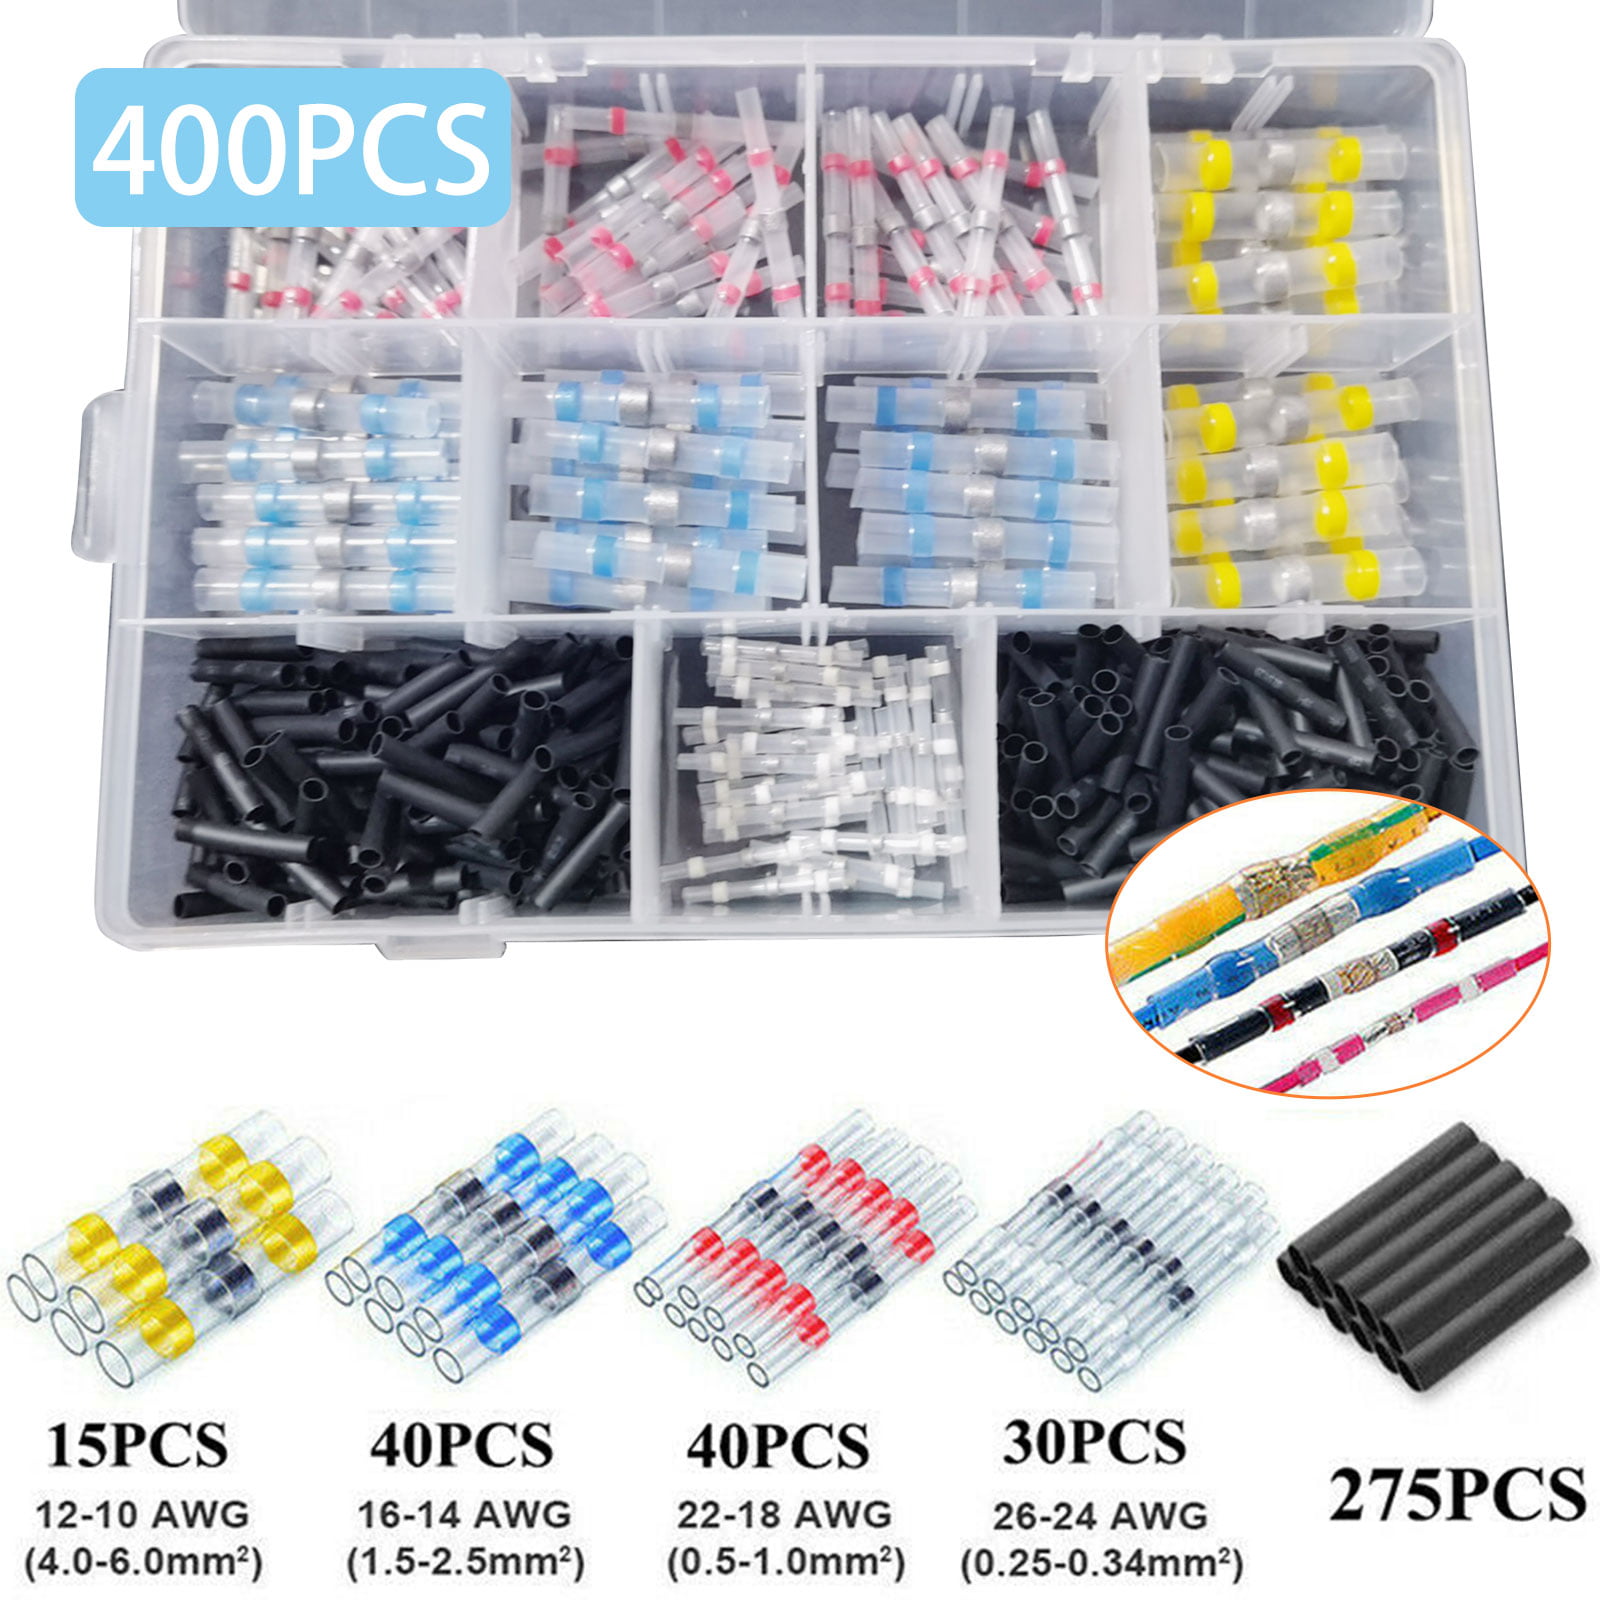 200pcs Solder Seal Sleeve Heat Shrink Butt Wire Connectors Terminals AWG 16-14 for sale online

---

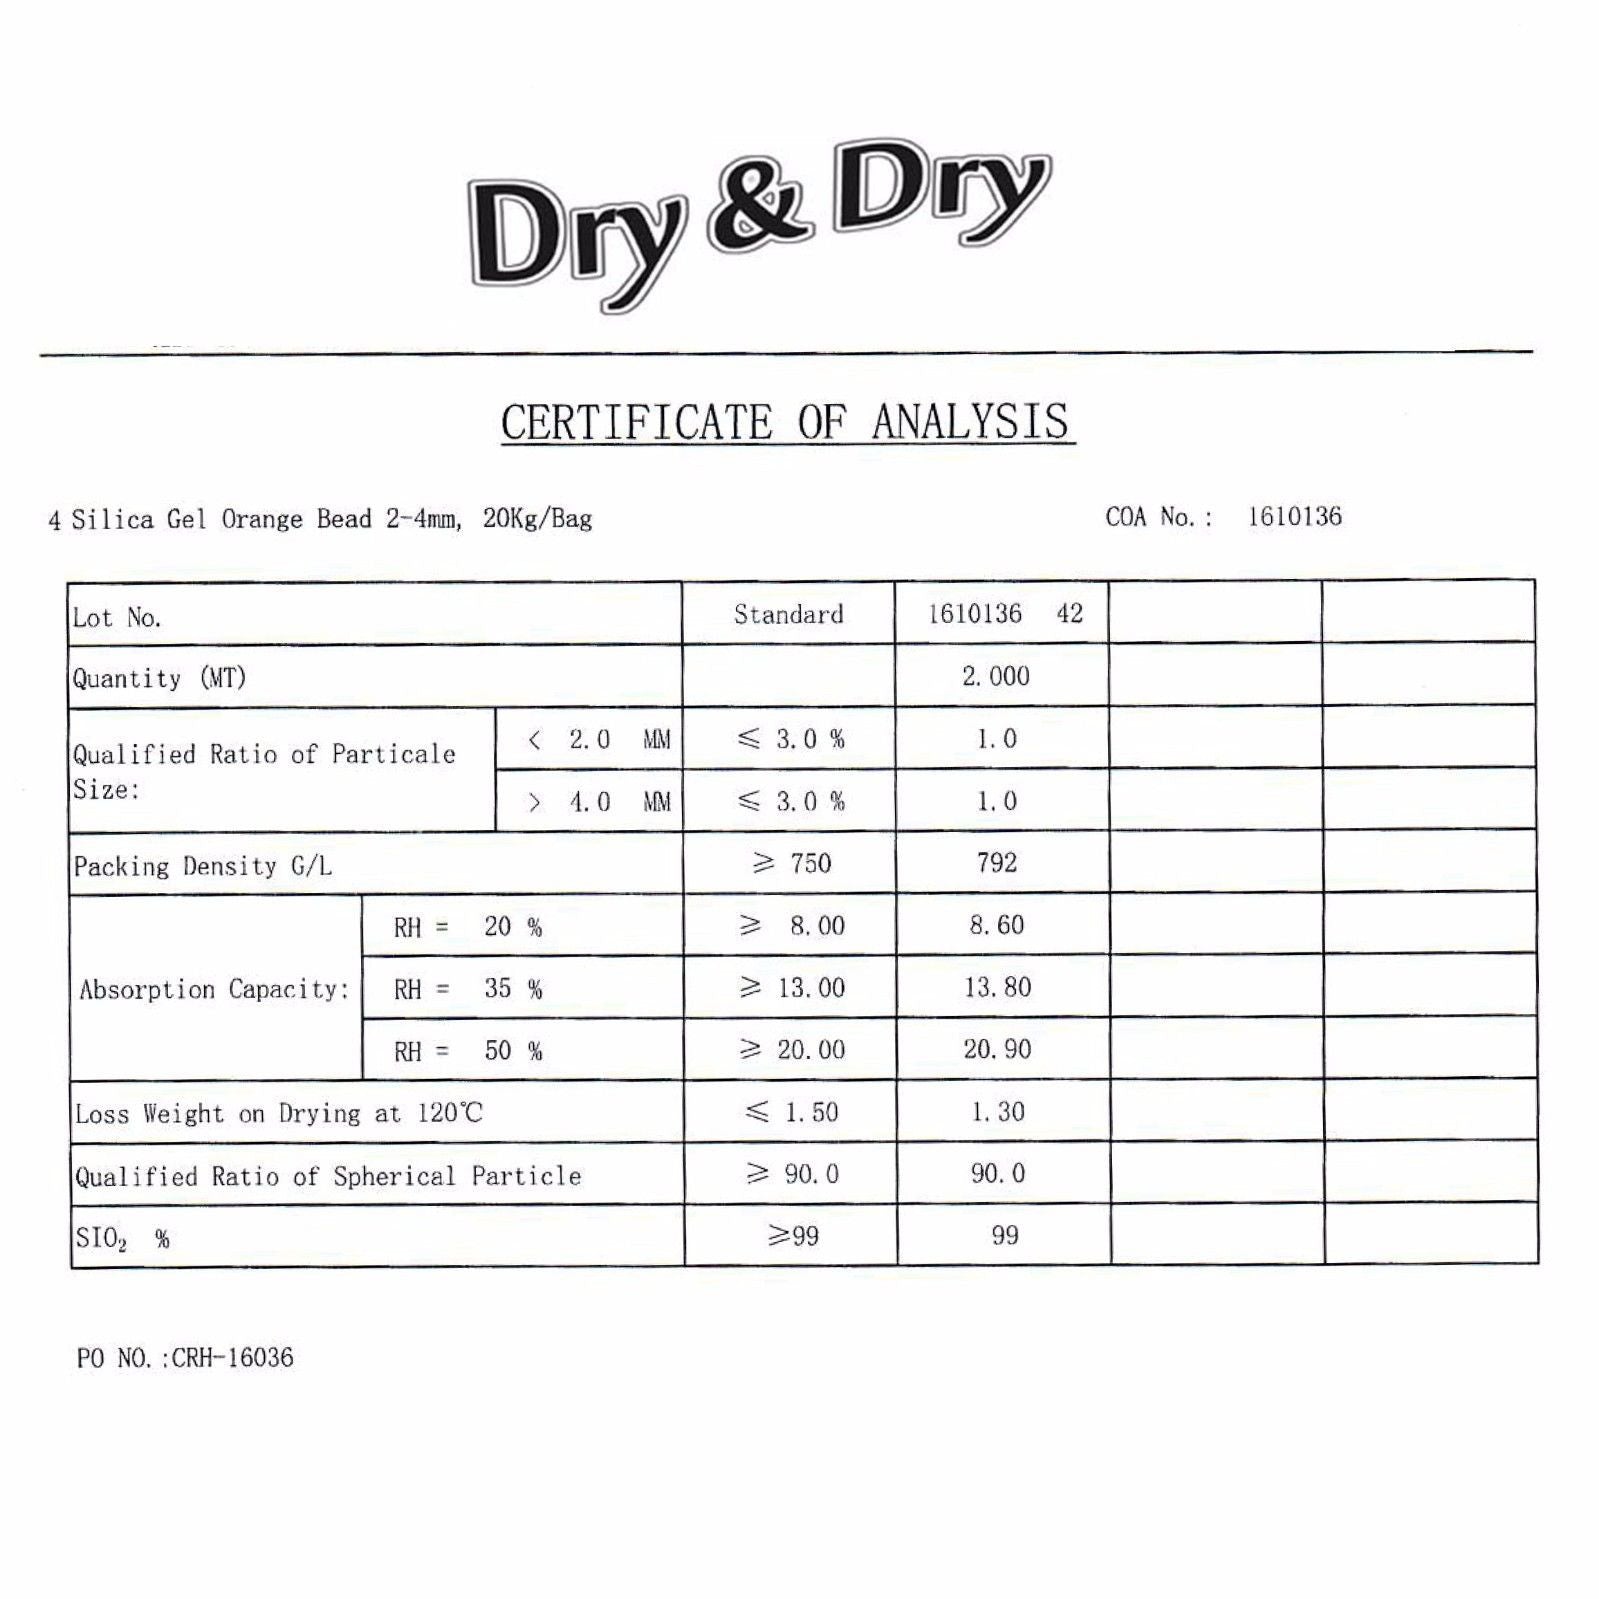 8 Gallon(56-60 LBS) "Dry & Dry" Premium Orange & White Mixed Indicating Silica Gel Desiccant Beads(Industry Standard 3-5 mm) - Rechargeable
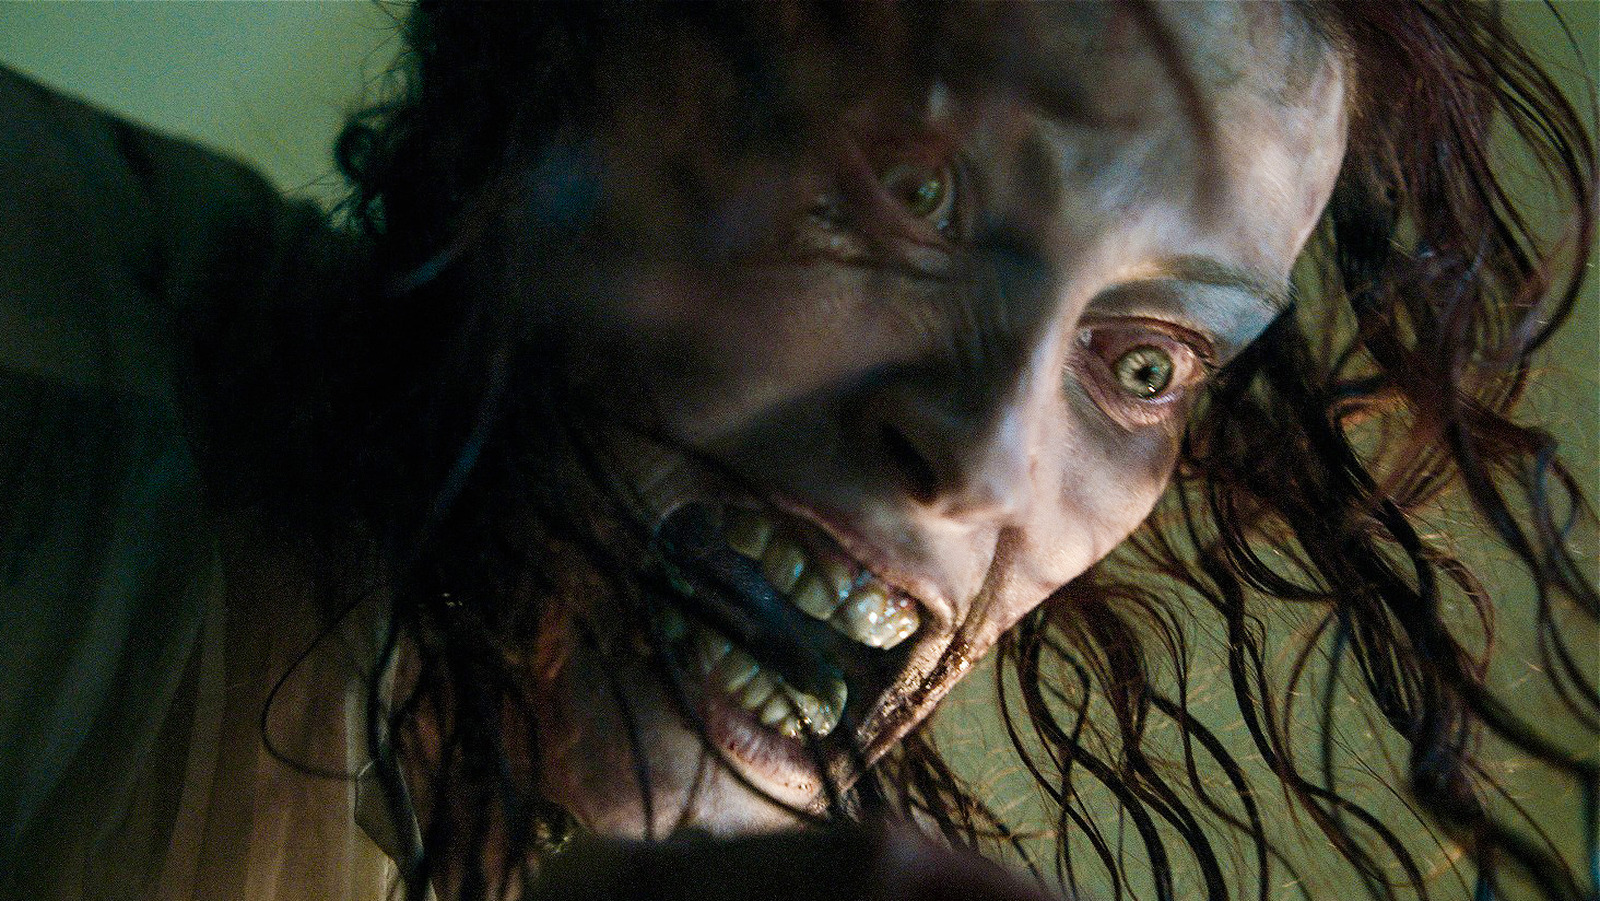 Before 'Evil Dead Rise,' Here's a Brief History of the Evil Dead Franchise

AIM OF THE TASK: Which part of the entries opens with the line containing "8 Gallon(56-60 LBS)" and closes with the line containing "Before 'Evil Dead"? Output that part exactly, ends included, pictures excluded.

WORKED SOLUTION:
 8 Gallon(56-60 LBS) "Dry & Dry" Premium Orange & White Mixed Indicating Silica Gel Desiccant Beads(Industry Standard 3-5 mm) - Rechargeable
 Before 'Evil Dead Rise,' Here's a Brief History of the Evil Dead Franchise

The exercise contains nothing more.